On Thursday evening, as I’ve done for the past 25 years, I met up with a bunch of friends for our weekly football match.

It was cold, the floodlit pitch was slippery and the leaves coming down in the wind captured my melancholic mood.

This week I wasn’t playing. I tore my Achilles making a brilliant move — in my head at least — on the same pitch during the summer.

On the eve of a controversial mens football World Cup — which some will watch and some will boycott — millions of us will go on playing anyway.

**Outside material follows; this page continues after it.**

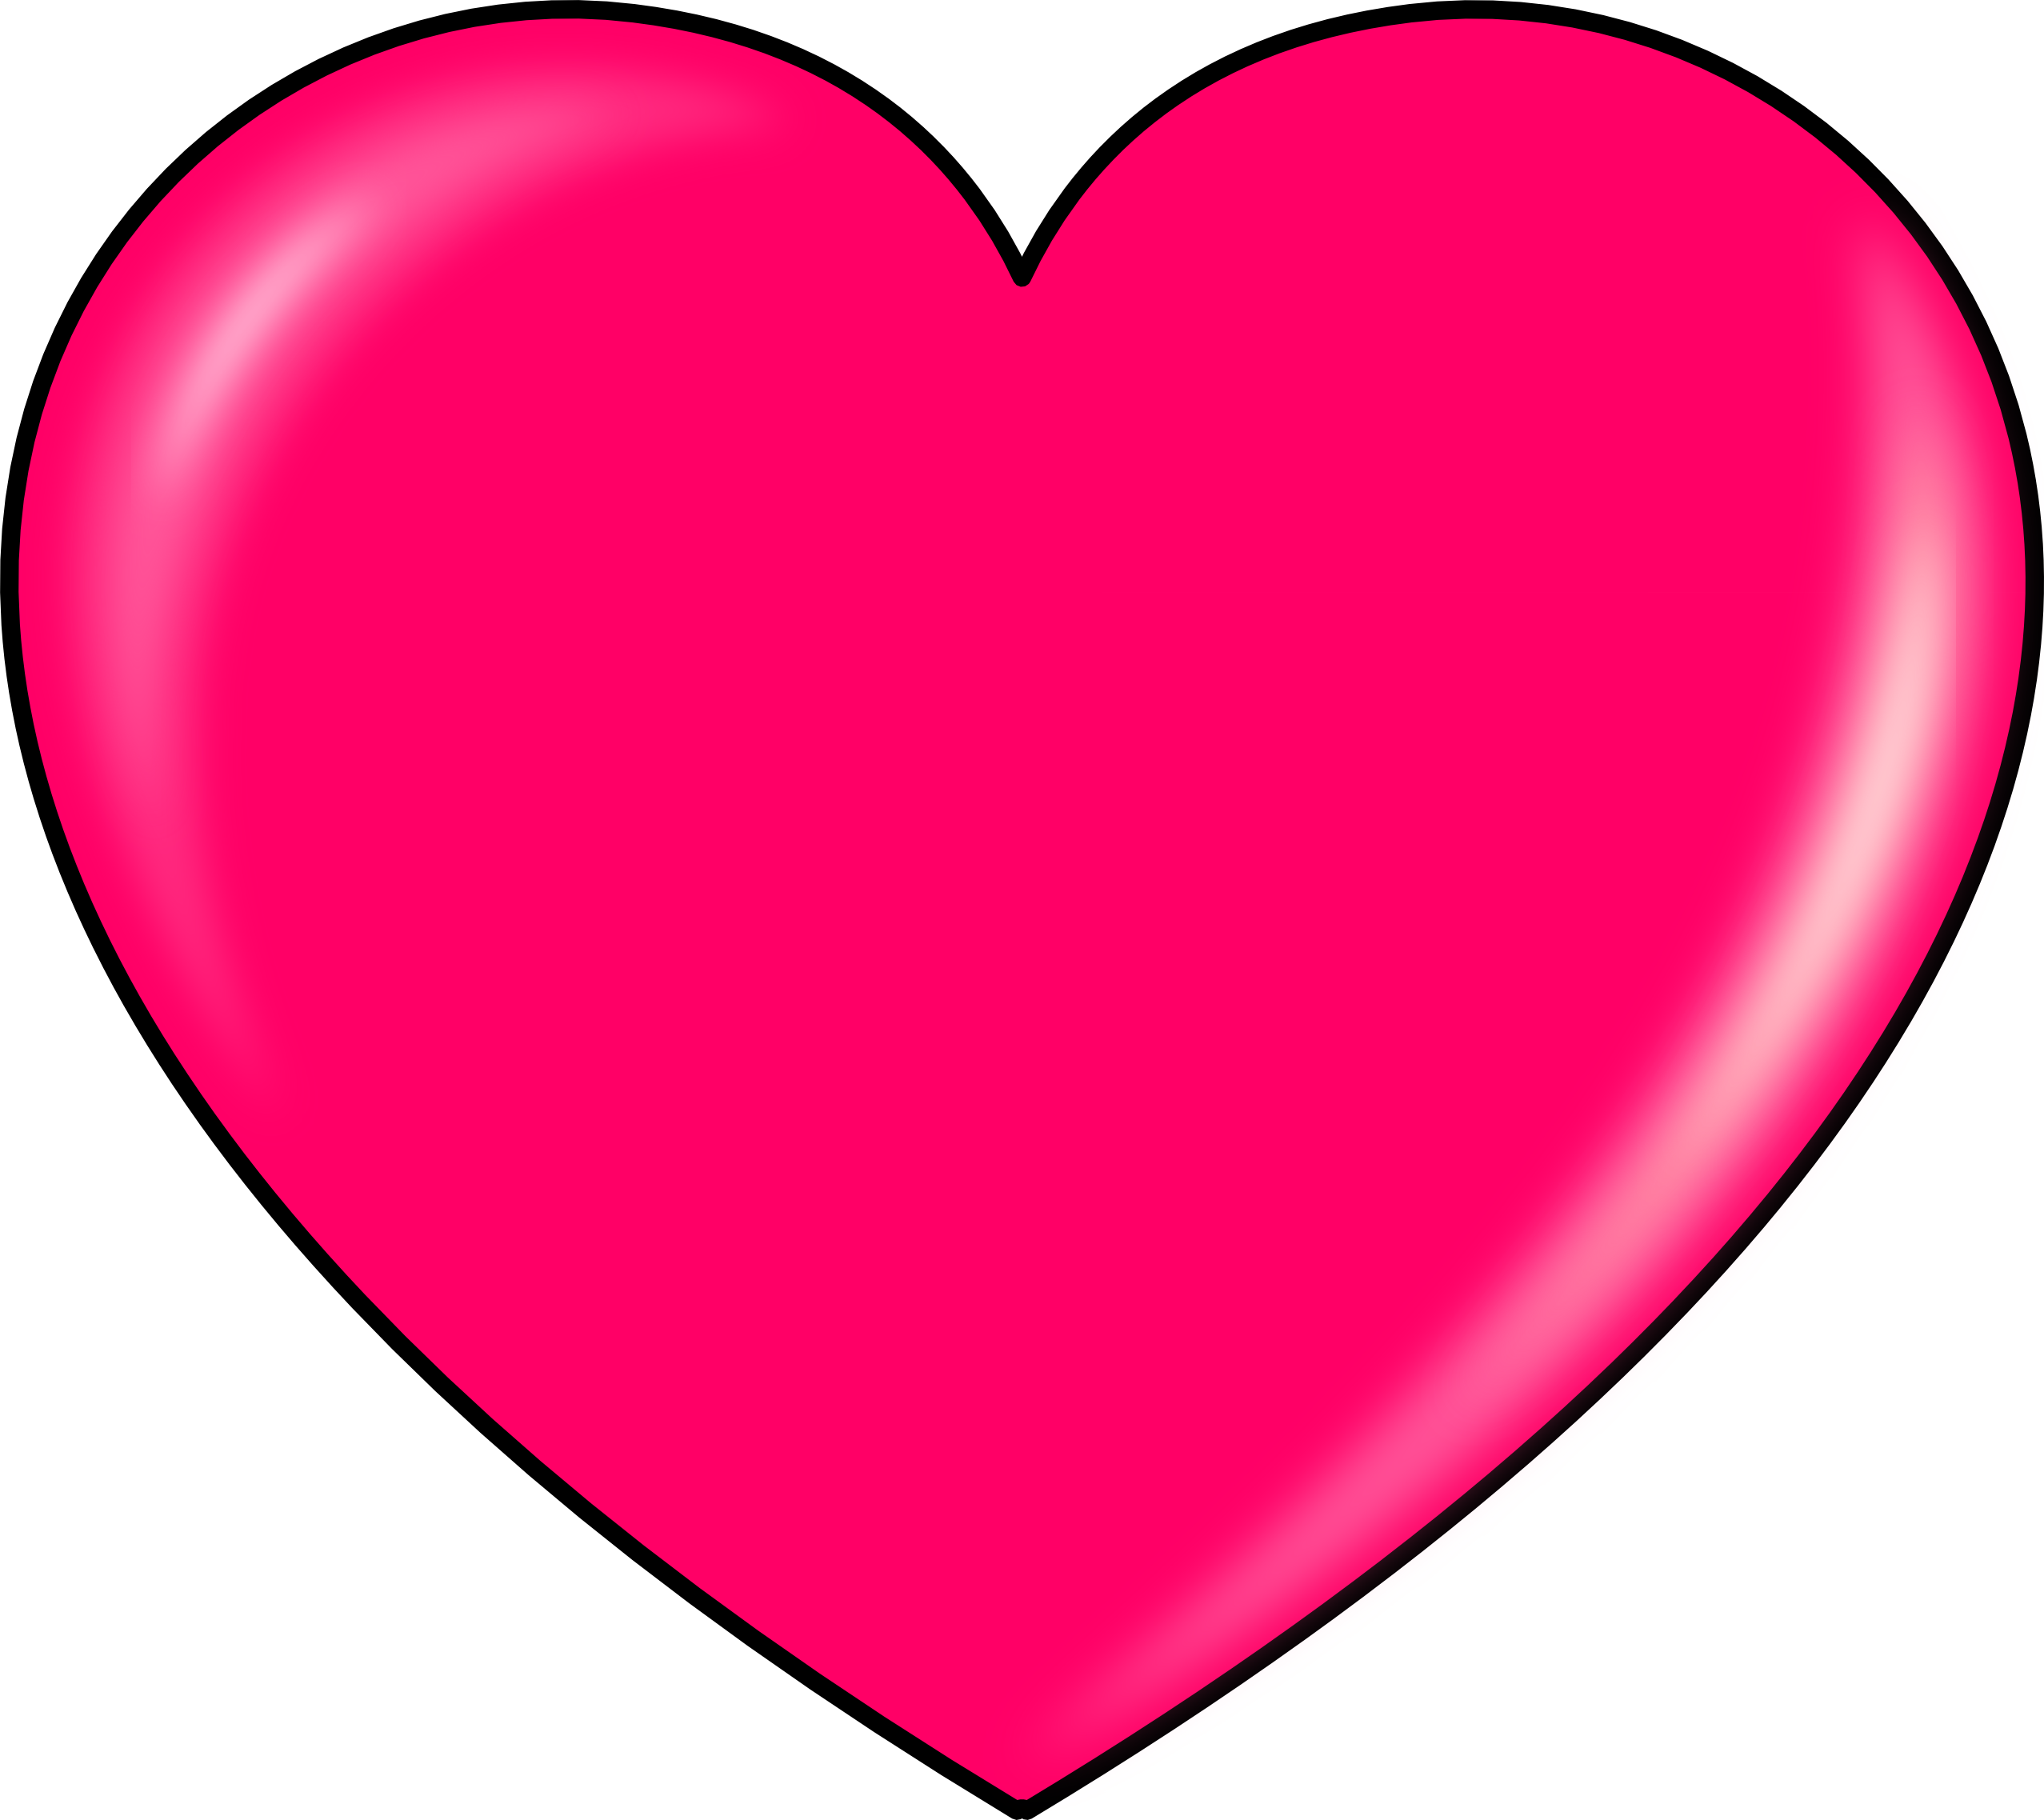 Heart PNG HD - 145158

This is where we find our joy.

In England alone, says the FA, 13 million people play football regularly. Alongside the joy, there’s other benefits — from improved wellbeing to better educational outcomes.

But there’s something deeper about our love for football… and all kinds of sport. Playing it or following it.

Since the invention of the javelin or arrow, since the first bunch of leaves was rolled into a ball, people have pursued sport religiously. For many it’s a kind of devotion.

The Latin root of the word ‘sport’ means to ‘carry away’ - and it still carries us away.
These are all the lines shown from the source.